Health & Science

Public Hospital Nabs $15 Million Private Gift

The Harris County Hospital District has received a record-breaking charitable donation that will help pay for cancer treatment for the poor and uninsured. KUHF health science and technology reporter Carrie Feibel has more. 

Lester and Sue Smith have given millions to various private hospitals in the medical center. But this was the first time they have given to the public hospital district. Smith says he was surprised to learn that Ben Taub Hospital was using a mammography machine from 1986.

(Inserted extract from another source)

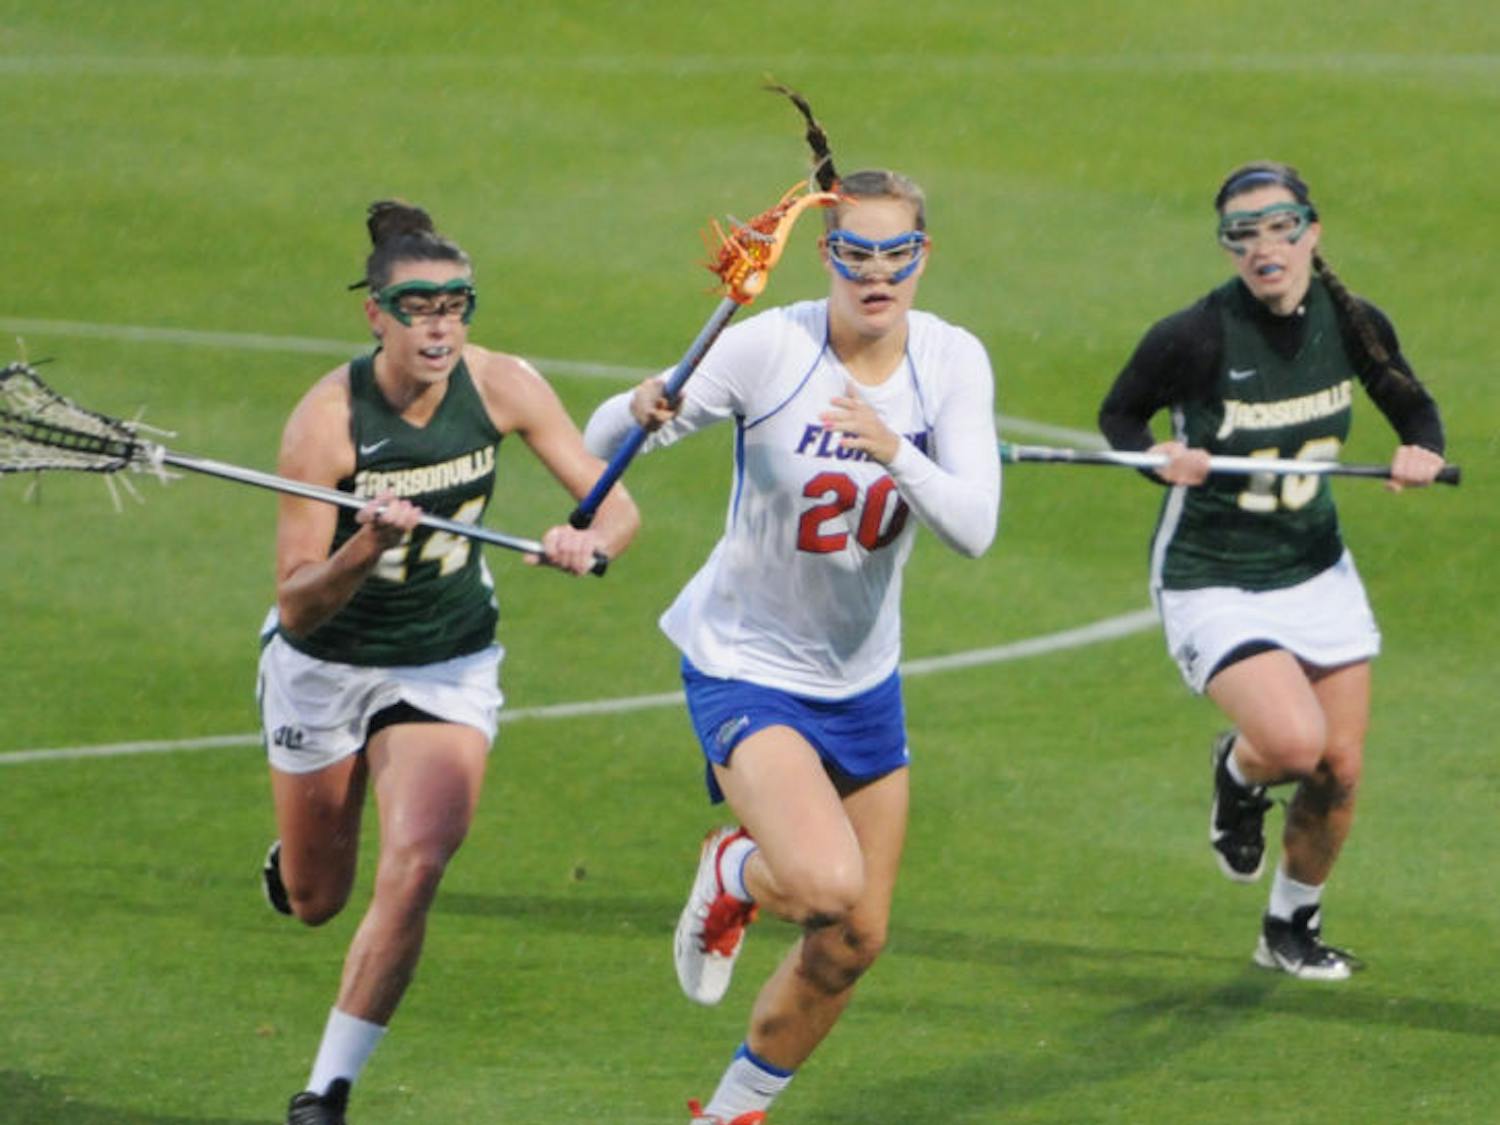 Devon Schneider drives toward the net during Florida’s 21-5 win against Jacksonville on Wednesday at Donald R. Dizney Stadium. Schneider scored four points against the Dolphins after she was held scoreless against the Tar Heels in the Gators’ 20-8 season-opening loss on Feb. 8.

“And we’re over there at Baylor, Baylor College of Medicine in the breast center there, with the latest and greatest of digital equipment that’s brand new – it was just, it screamed of having to do this. I heard too many stories of women coming into Ben Taub with stage 4 breast cancer.”

the Smiths
H. Ben Taub (left), chairman of the Harris County Hospital District Foundation, thanks donors Sue and Lester Smith for their $15 million gift towards a new outpatient clinic building.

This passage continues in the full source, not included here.